DATA PROVIDED »
================================
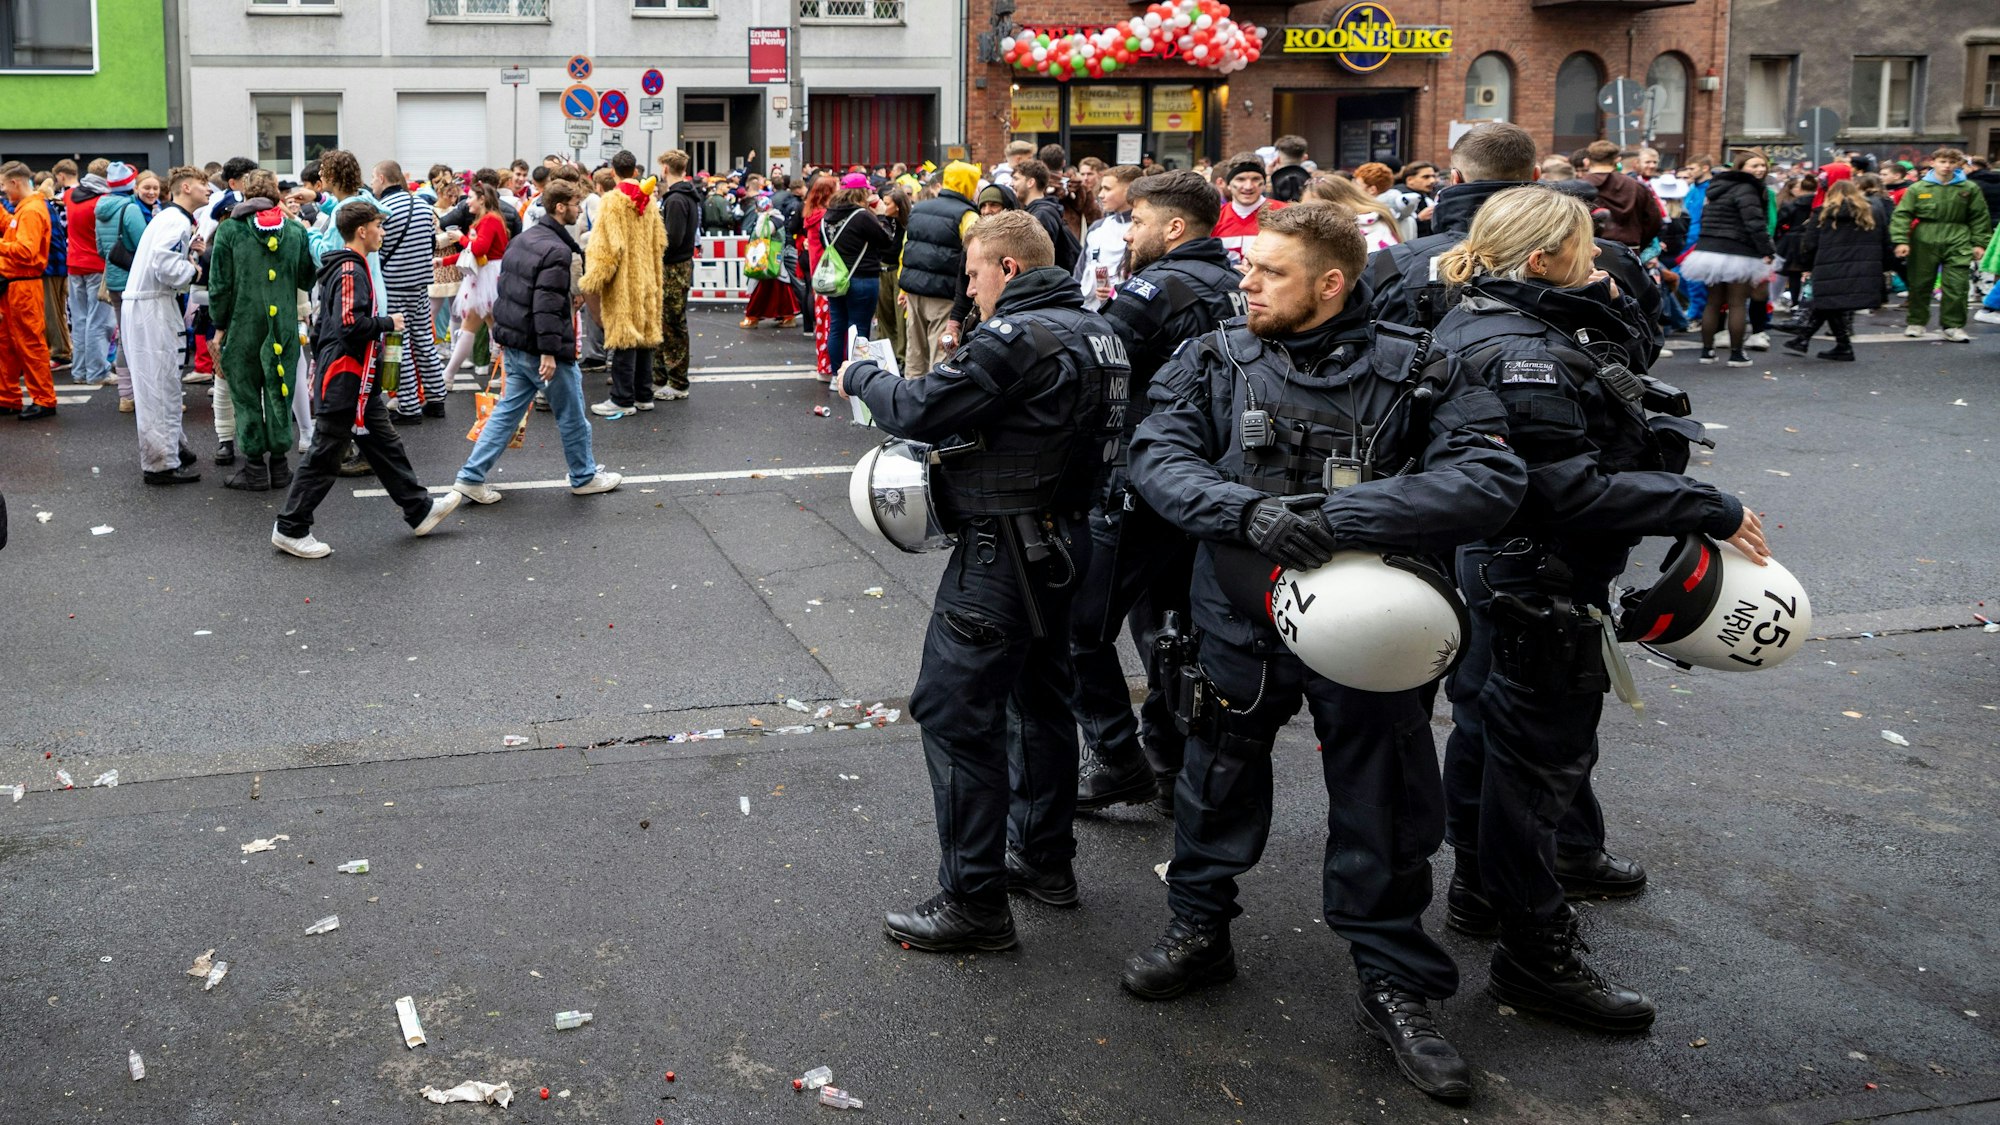 Polizeibeamte stehen auf der Zülpicher Straße, hinter ihnen laufen Kostümierte.
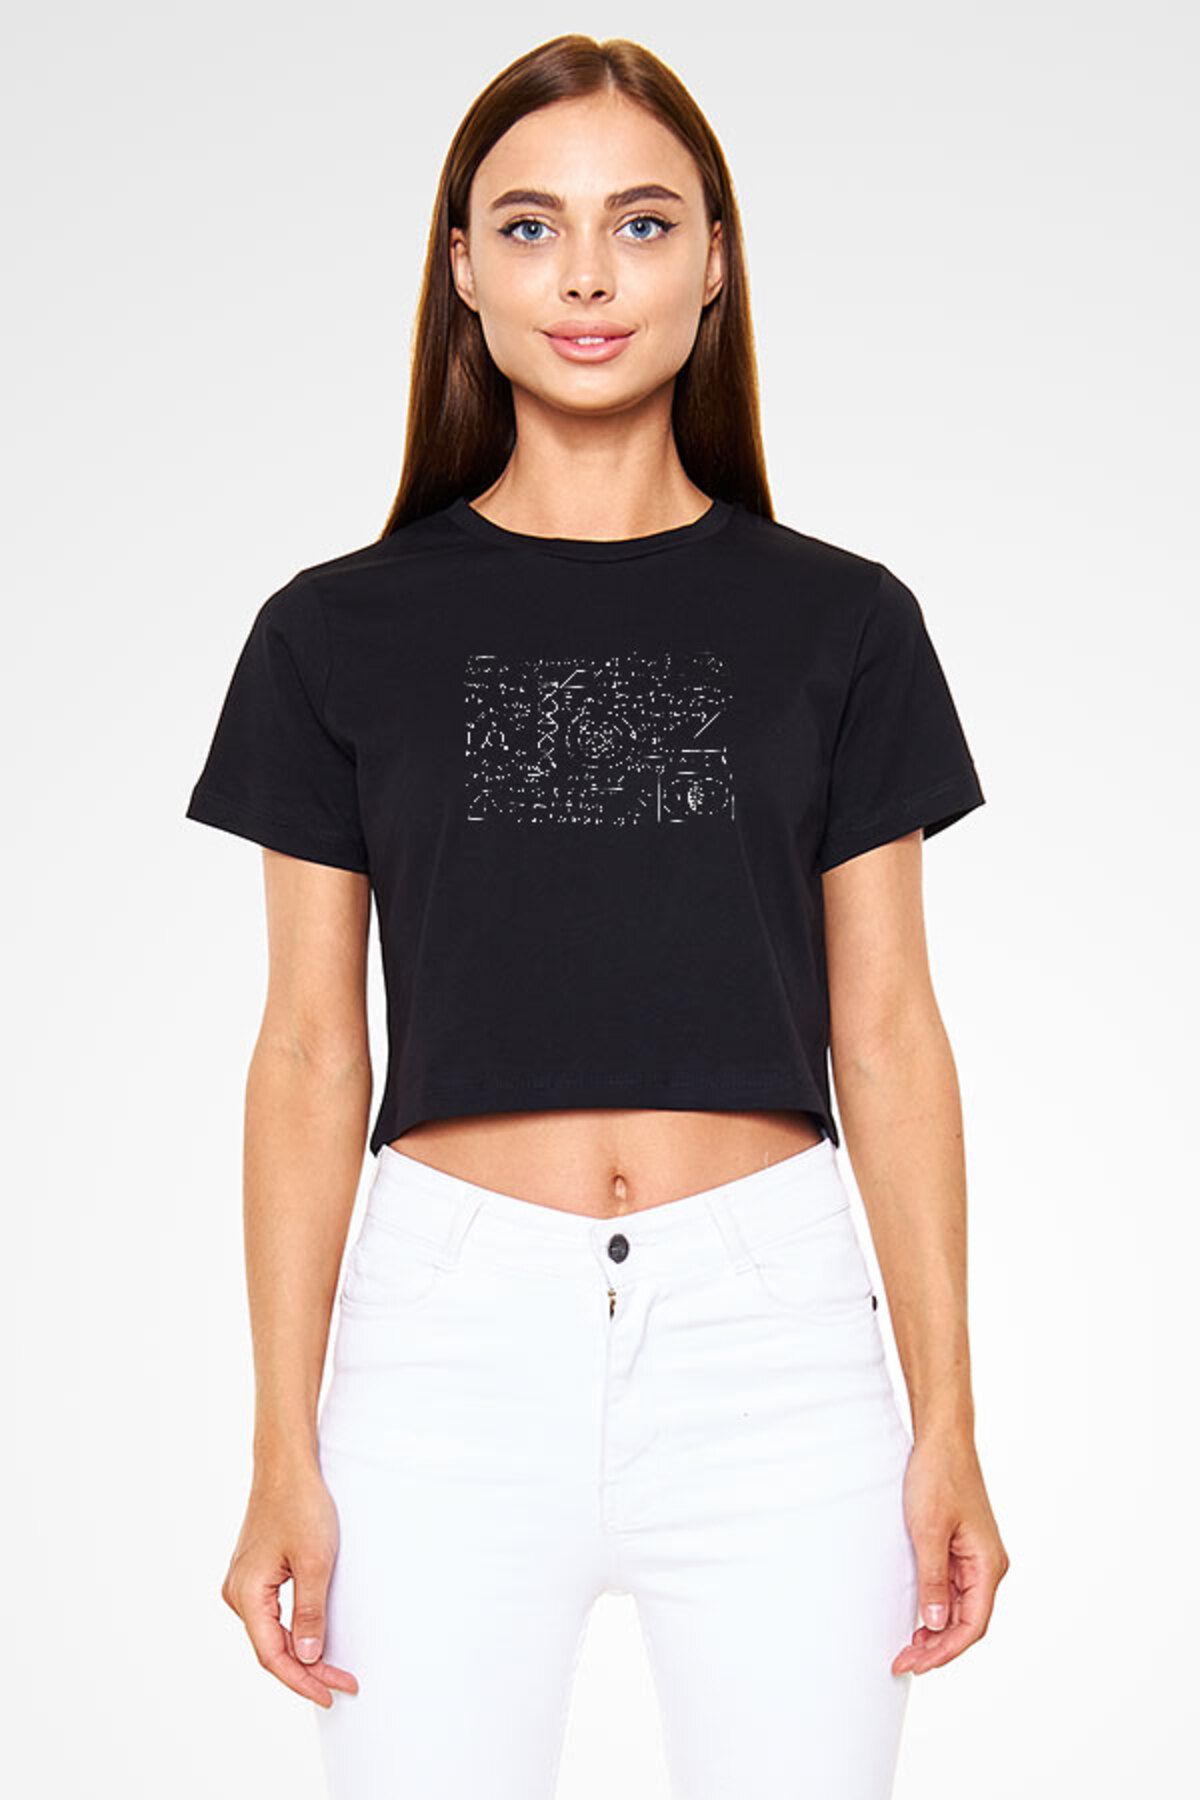 Darkhane Kimya Fizik Matematik Denklemleri Siyah Unisex Crop Top Tişört T-Shirt
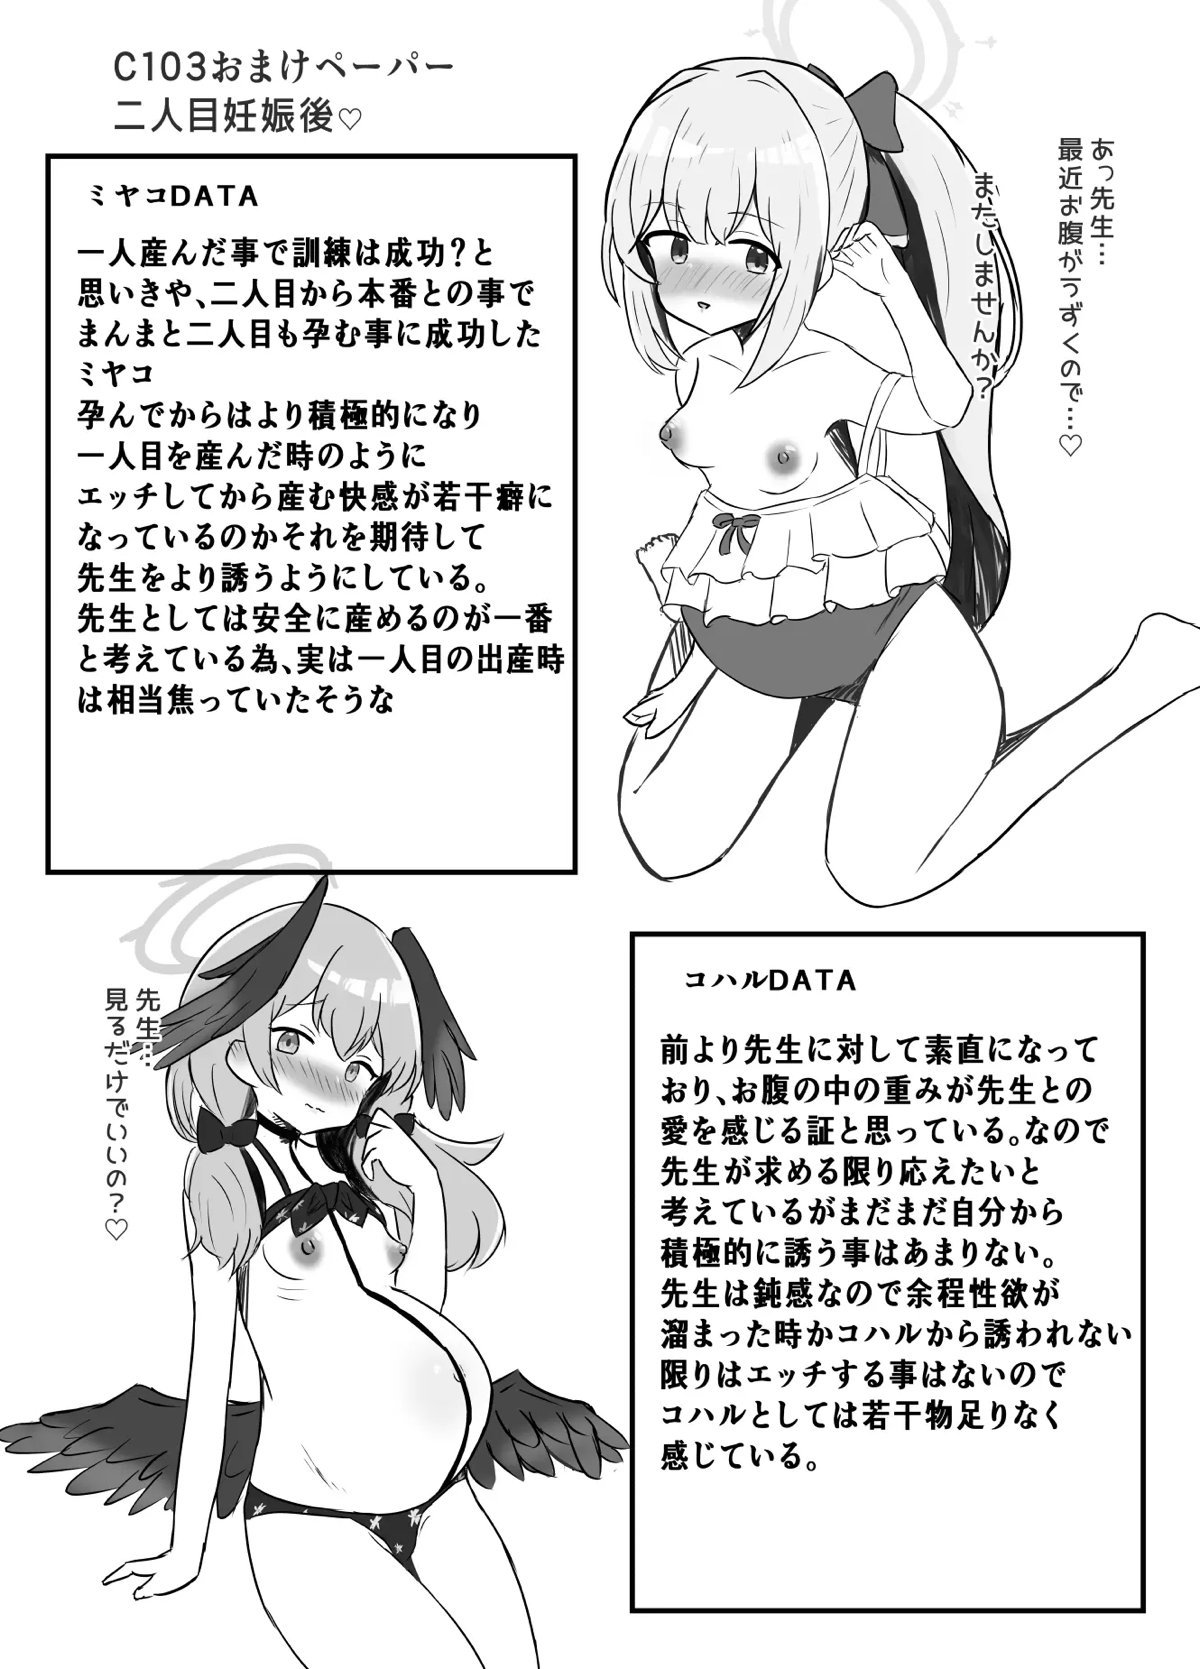 【C103】ミヤコとコハルに頼まれ性交から出産するまでの実施訓練をすることになった先生が、ボテ腹セックスしながら出産させるｗ【ブルーアーカイブ】
================================
PROBLEM TO WORK ON » Nothing but the lines from the one containing "Darkhane Kimya Fizik" through the end of the listing should be printed, each exactly as it appears and without pictures.

COMPLETED TASK »
 Darkhane Kimya Fizik Matematik Denklemleri Siyah Unisex Crop Top Tişört T-Shirt
 【C103】ミヤコとコハルに頼まれ性交から出産するまでの実施訓練をすることになった先生が、ボテ腹セックスしながら出産させるｗ【ブルーアーカイブ】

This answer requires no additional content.